El Instituto de Estudios Laborales de la CTA Autónoma realizó un informe que explica punto por punto el contenido de los decretos 407 y 408, junto con las implicancias de los nuevos cambios. A continuación reproducimos algunos de los artículos más importantes que aborda el documento.

Ley de Contrato de Trabajo, nº 20.744
ANEXO 1 del decreto 407/2026

Beneficios sociales: precarización del salario

Artículo 2 (reglamenta el artículo 103 bis de la ley 20.744)

La reforma laboral habilitó la entrega de sumas de dinero para la alimentación del trabajador y trabajadora en las inmediaciones del lugar de trabajo. Estas sumas son consideradas beneficios sociales y no forman parte de la remuneración, por lo que no cuentan para el cálculo de aportes y contribuciones ni para el cálculo de rubros vinculados al salario (jubilación, obra social, aguinaldo, vacaciones, indemnizaciones, etc.). En este sentido, este tipo de beneficios puede convertirse en herramientas que sustituyan aumentos de sueldo, teniendo en cuenta el actual contexto de paritarias a la baja. Es decir, aumentan los "vales de comida" mientras los salarios básicos permanecen congelados.

La reglamentación de la reforma laboral establece que su cuantía mensual no podrá superar el 40% del salario mínimo vital y móvil, que a junio de 2026 es de $367.800. Para la mitad de los trabajadores registrados del sector privado que cobran los salarios más bajos este monto equivale como mínimo al 10% de su remuneración bruta.

Esta medida tuvo un antecedente en los años 90, cuando se habilitó la entrega de distintos vales ("tickets canasta", "tickets alimentarios") que no eran considerados parte de la remuneración. Esa medida fue judicializada y declarada inconstitucional por la Corte Suprema de Justicia de la Nación en el año 2009 (CSJN, fallo Pérez c/ Disco).

Recibos de sueldo

Artículo 5 (reglamenta el artículo 140 de la ley 20.744)

La novedad central es la exigencia de incluir en el anverso del recibo un resumen del "costo laboral" total a cargo del empleador, discriminado por rubros (sindical, seguridad social, obra social, INSSJP, ART, cámaras empresariales, entre otros). El efecto práctico es que el recibo deja de ser solo un comprobante de pago al trabajador y se convierte en una herramienta que visibiliza algunos de los costos no salariales que el empleador debe afrontar. El objetivo político detrás de esta reglamentación es deslegitimar instrumentos como las contribuciones patronales o los aportes a las organizaciones sindicales, y presionar por su reducción.

Certificados médicos

Artículo 6 (reglamenta el artículo 210 de la ley 20.744)

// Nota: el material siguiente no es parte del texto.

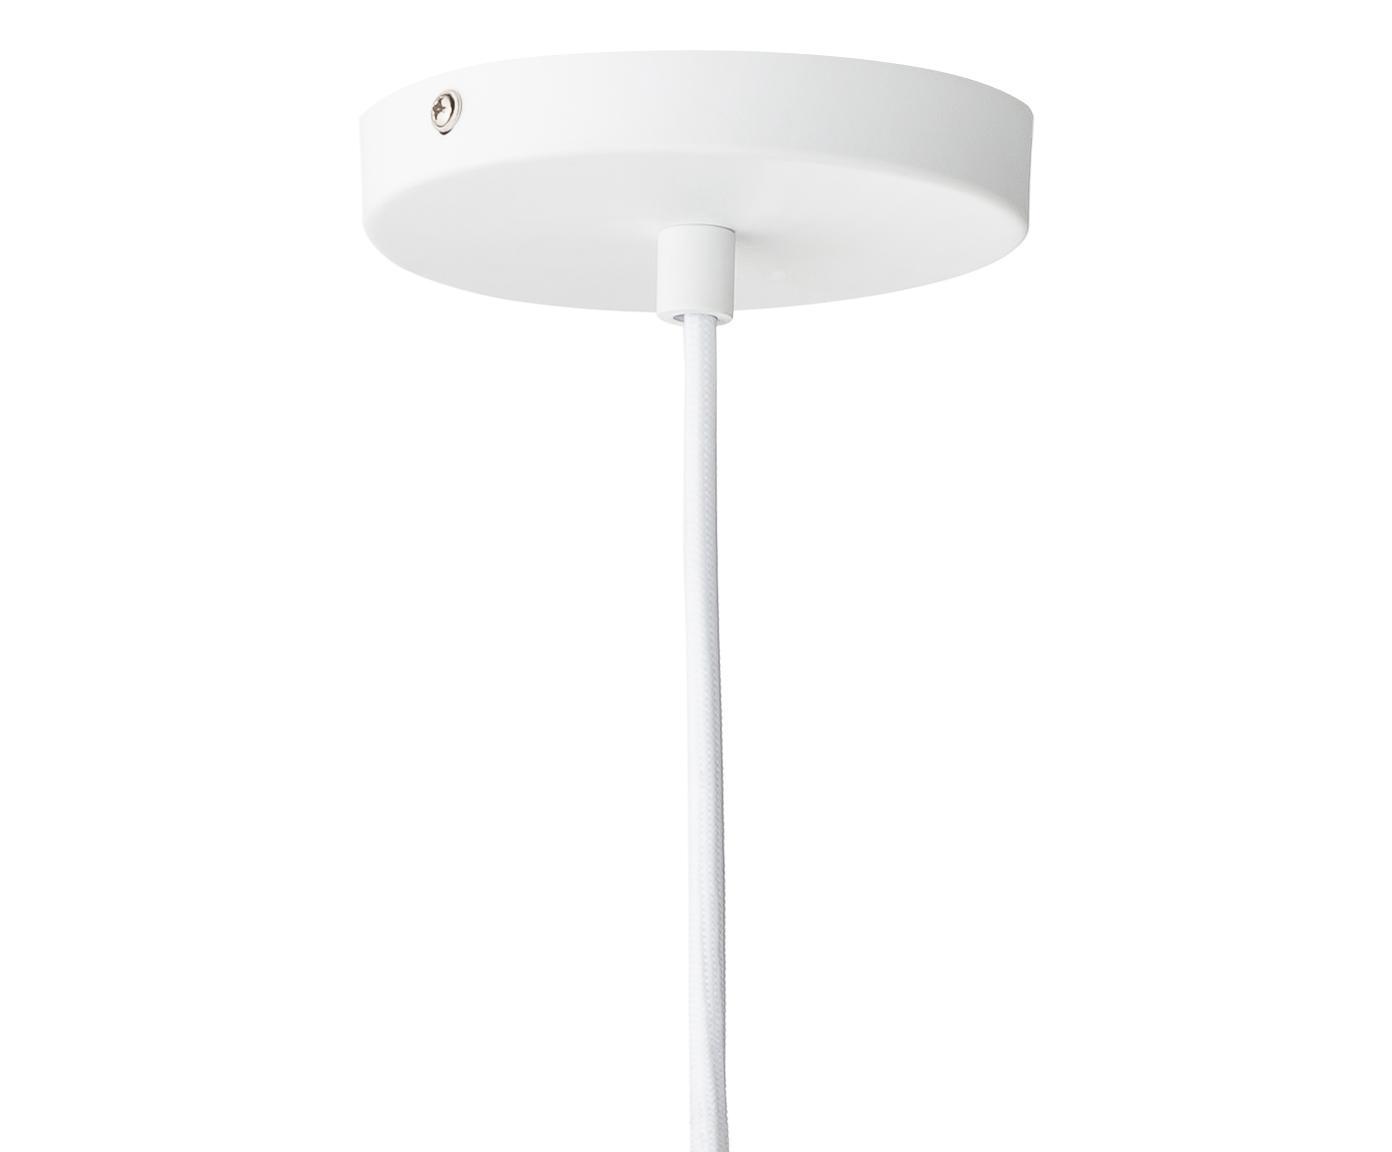 Marmeren hanglamp Siv, Marmer, kunststof, textiel, Wit, messingkleurig, Ø 6 cm

La reglamentación de la reforma laboral impone mayores requisitos a los certificados médicos que deberán presentar los trabajadores para gozar de licencias por enfermedades o accidentes que no estén relacionadas con el trabajo. En muchos casos, los empleadores ya empezaron a cuestionar estas licencias sin esperar a la reglamentación de la ley exigiendo certificados digitales, dificultando en la práctica el goce de este derecho por parte de los trabajadores. Entre los nuevos requisitos, se exige que el certificado médico sea electrónico y solo como excepción se admitirán certificados en papel, lo que en determinados contextos puede ser un obstáculo insalvable. Además, se dispone que en caso de conflicto entre el médico del empleador y el médico del trabajador la situación pueda ser dirimida por instituciones privadas con el costo a cargo del empleador. De esta manera, es el patrón quien abona los honorarios de una institución privada que, en teoría, debería actuar de manera imparcial, mientras que el trabajador no tiene ninguna herramienta para decidir quién estará a cargo de esta revisión. Este sistema pone a los trabajadores en un estado de indefensión y podrá implicar que, en la práctica, las licencias por enfermedad dejen de utilizarse por temor a que no sean justificados los días de trabajo perdidos.

Trabajadores/as de plataformas

Artículo 2 del decreto 407/26 (reglamenta el Título XII de la ley 27.802)

Una vez más, ahora a través de la reglamentación, se refuerza la intención de deslaboralizar las relaciones de trabajo que tienen como protagonistas a los trabajadores y trabajadoras de plataforma; en este caso, estableciendo que la Secretaría de Transporte es la Autoridad de Aplicación, en conjunto con la Secretaria de Trabajo.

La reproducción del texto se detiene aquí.